The Quest for Artificial General Intelligence

Where we are, and where we’re going

Abhav Kedia

Published in

Towards Data Science

11 min readJun 18, 2020

“Artificial Intelligence began with an ancient wish to forge the Gods.” -Pamela McCorduck

Artificial General Intelligence (AGI) refers to the ability of artificial agents/programs to display human-level proficiency in reasoning about and performing tasks in their environment. AGI has long been a mainstay of science fiction movies and books, famously embodied in likeable characters such as Tony Stark’s assistant JARVIS from the Iron Man series and the humanoid robot C3PO in Star Wars.

Crucially, AGI is also considered the holy grail for most AI research today. In a sense, the formulation of most reinforcement learning problems — problems that require an agent to interact with the environment to maximize reward— is a subclass of the larger problem of general intelligence. Instead of focusing on precisely defining AGI, I will leave it at the reader’s intuition that it is a system that displays ‘human-like’ intellectual capacity.

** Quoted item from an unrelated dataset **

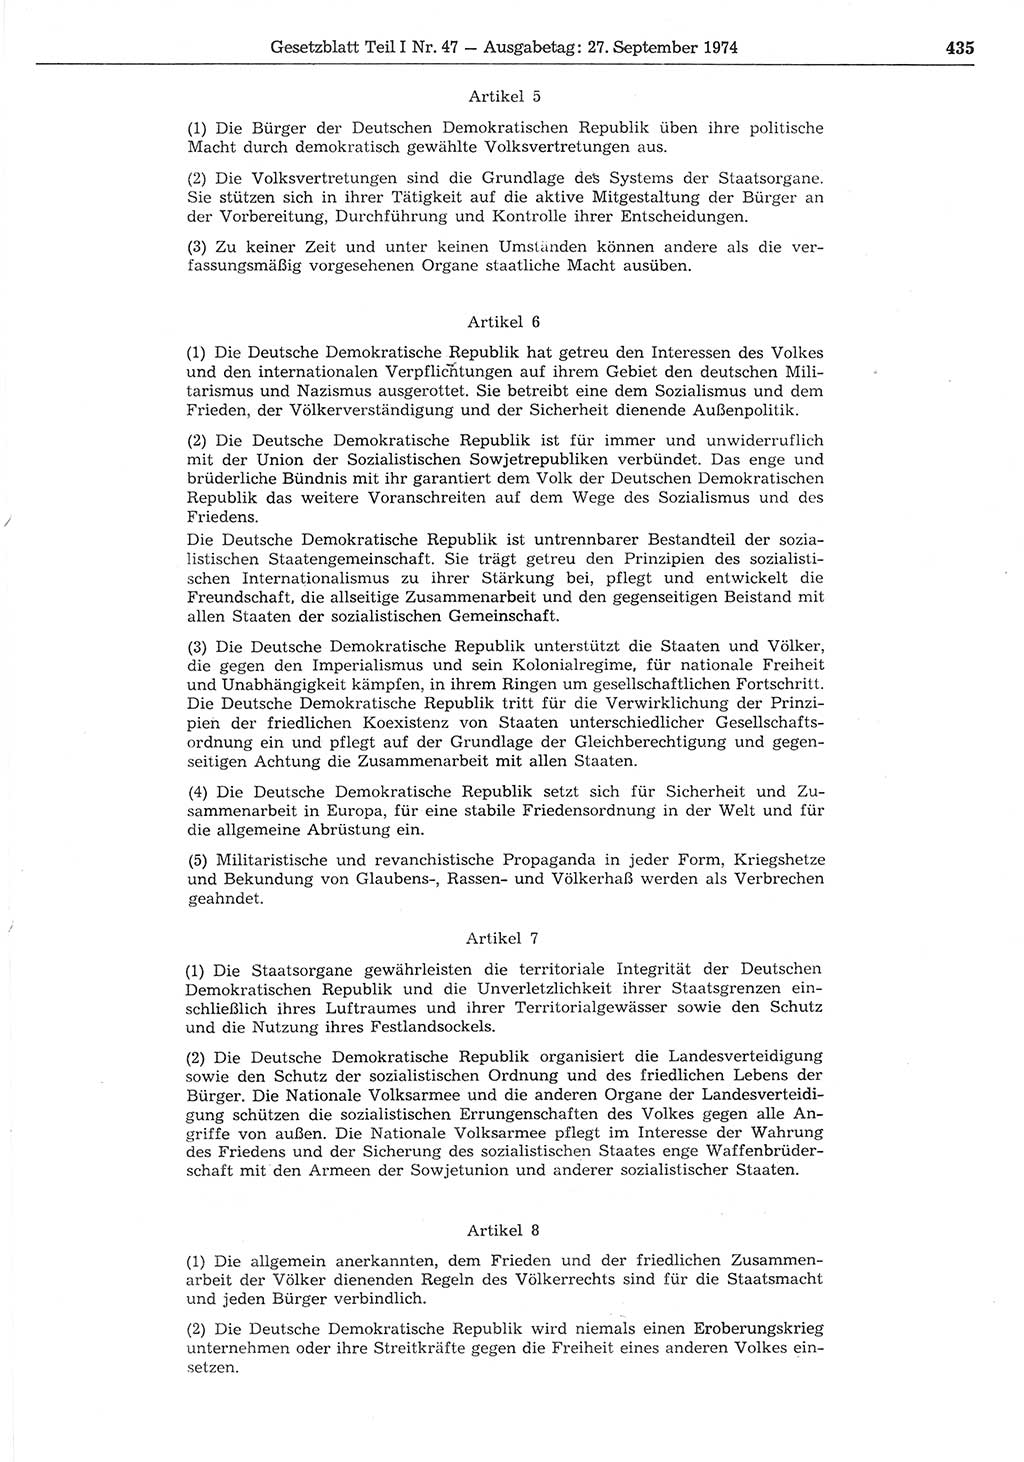 Gesetzblatt (GBl.) der Deutschen Demokratischen Republik (DDR) Teil Ⅰ 1974, Seite 435 (GBl. DDR Ⅰ 1974, S. 435)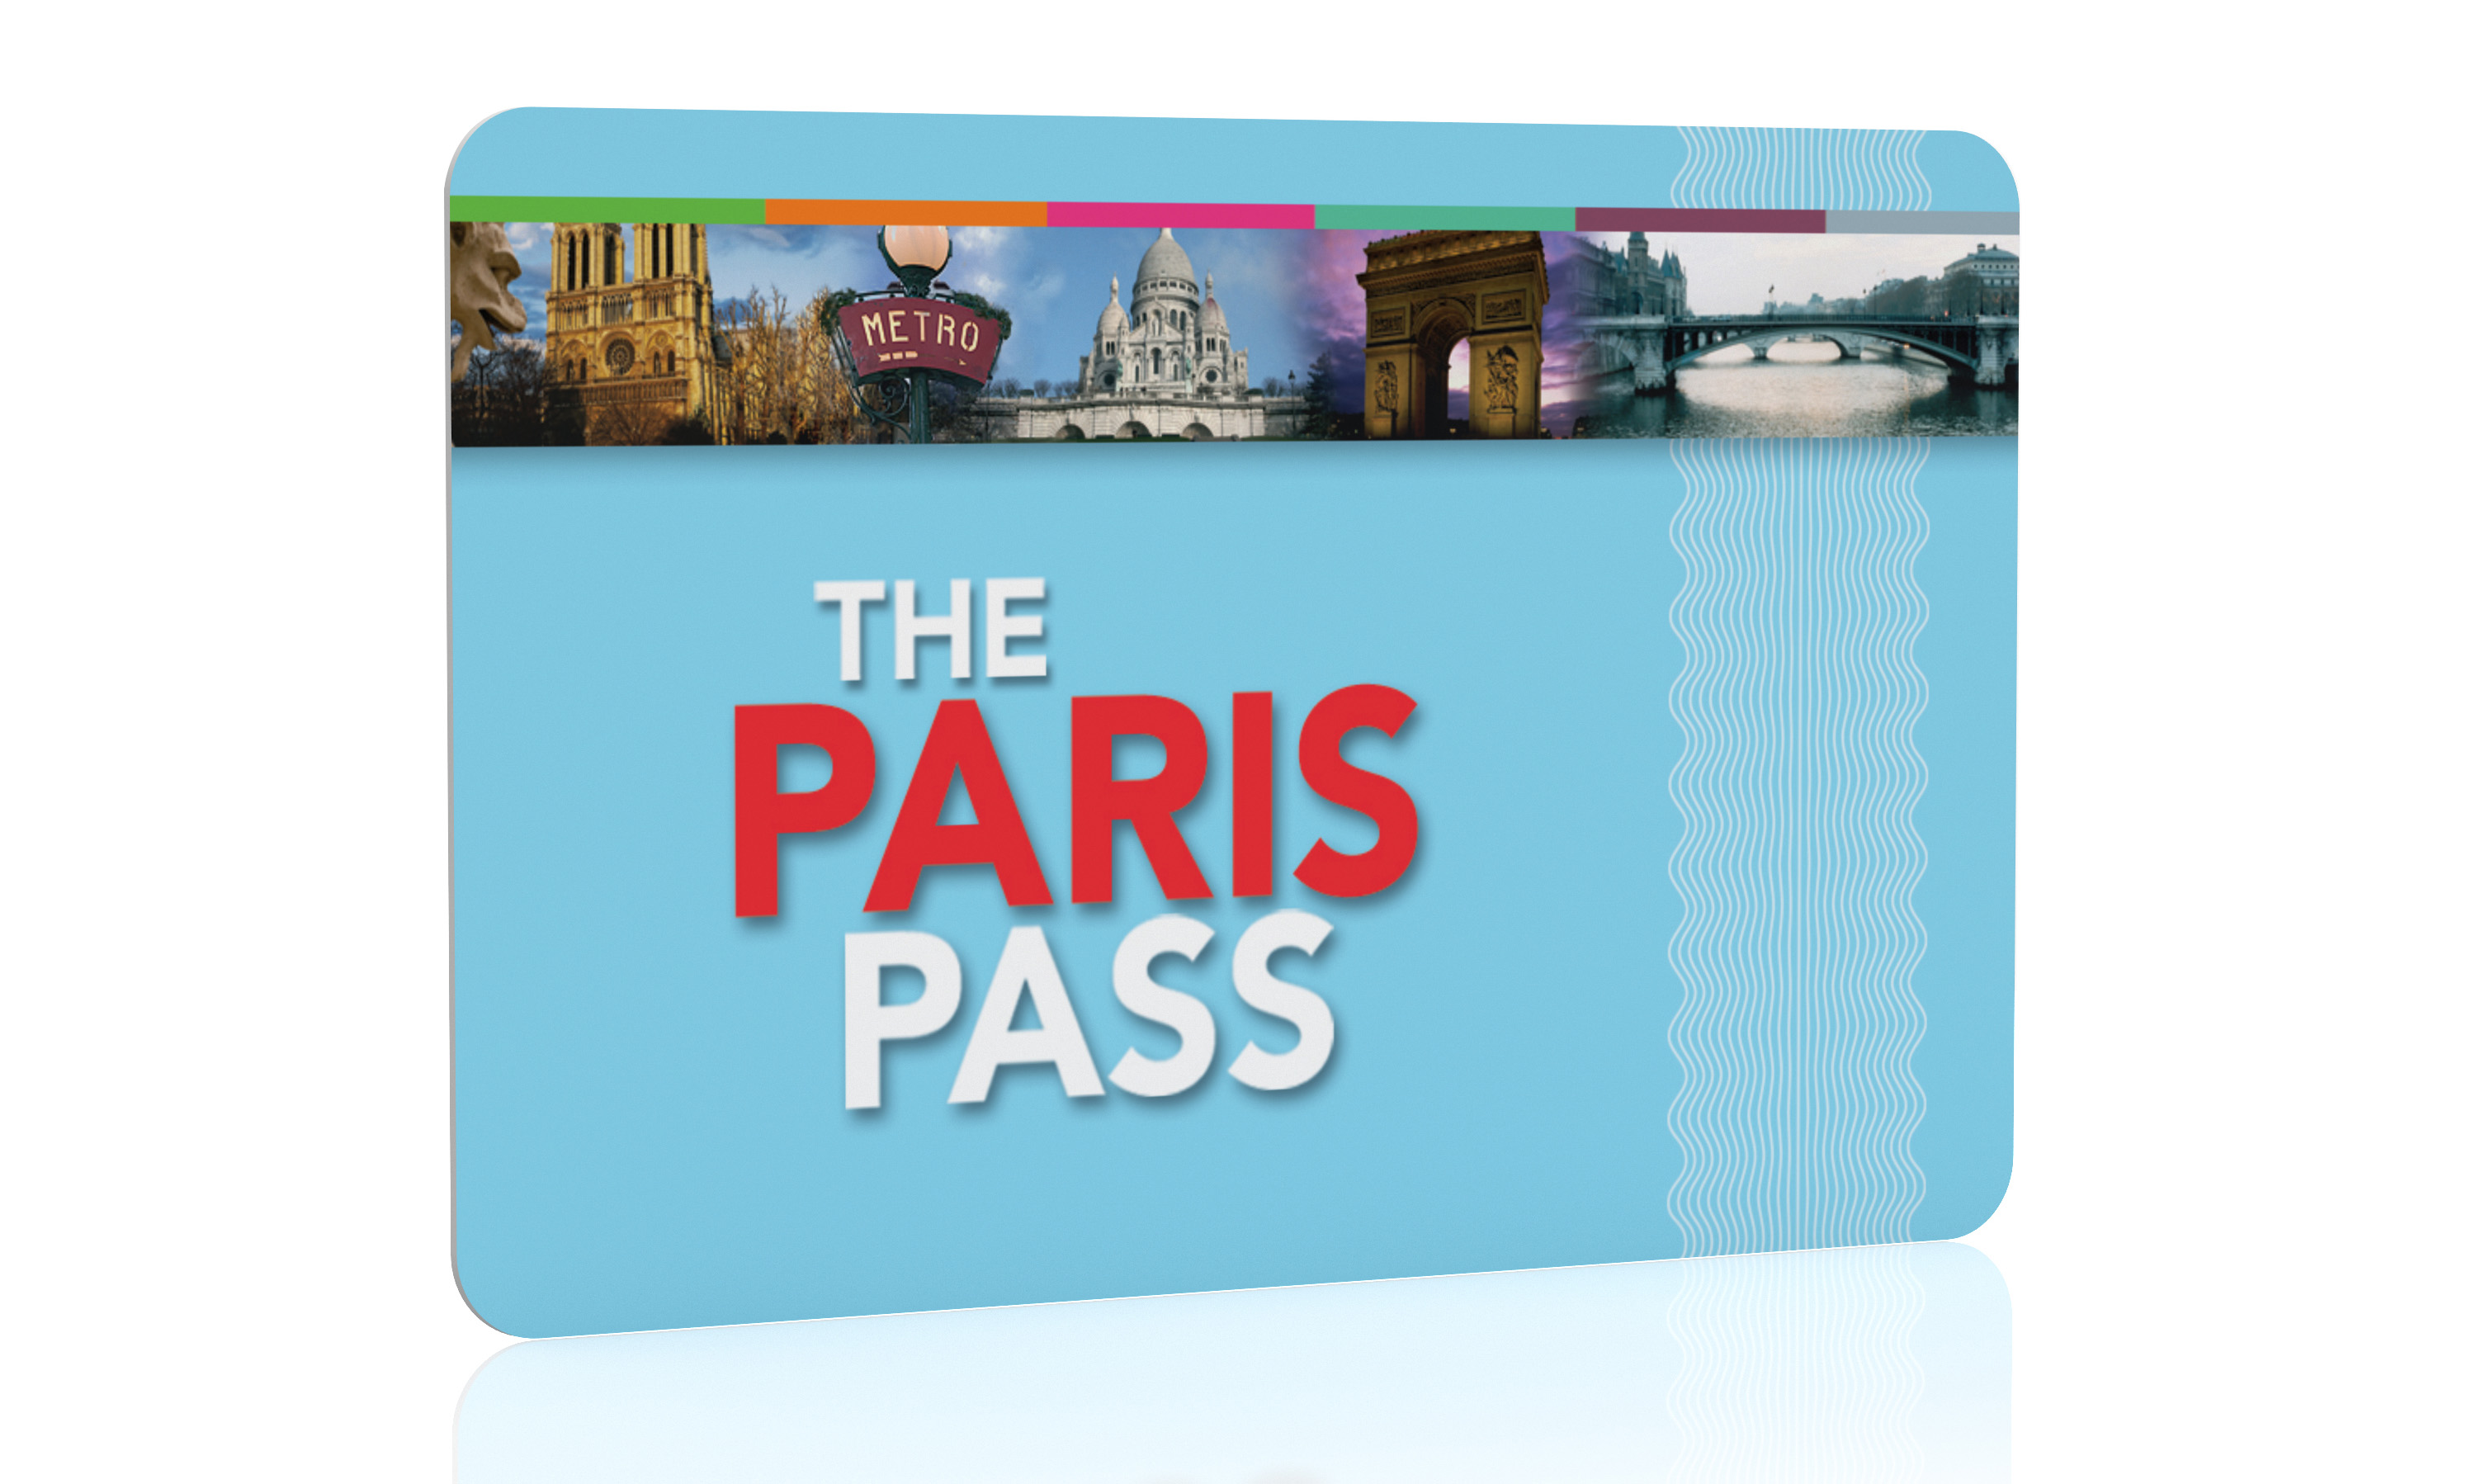 tourist pass in paris

Billions of dollars are being spent on AGI research today. For example, Elon-Musk-backed OpenAI’s mission is to achieve or facilitate the development of AGI (and also ensure that it is responsibly used). Similarly Google’s DeepMind and the Human Brain Project are also working towards similar goals.

Where do we stand today?

Today, we have the tools to create AI systems that display remarkable levels of understanding. Let’s take a look at some existing programs that display almost human level reasoning, performance or control — on specific tasks. We will look at this from progress in three different domains — Natural Language Processing, Reinforcement Learning and Autonomous Vehicles.

NLP and Chatbots

Natural Language Processing is the analysis and understanding of human languages for tasks like translation and sentiment classification. One application of Natural Language Processing is the creation of chatbots. In 2016, Microsoft revealed an AI Bot called Tay (Thinking About You). Although Tay made headlines for all the wrong reasons and had to be taken offline 16 hours after its release, its ability to tweet about a wide variety of topics appeared to be impressive.

Take the above tweet for example. Tay was trained to answer questions based on other examples of tweets discussing similar topics. In particular, to reply to this tweet it was able to identify the tweet as asking for an opinion, and then generated an aggregated answer based on other people’s replies to similar questions. Tay displays good textual analysis, paraphrasing and the ability to form meaningful sentences, but not exactly generalized intelligence. A real AGI system could reasonably come up with a reply all by itself, without paraphrasing other people’s opinions.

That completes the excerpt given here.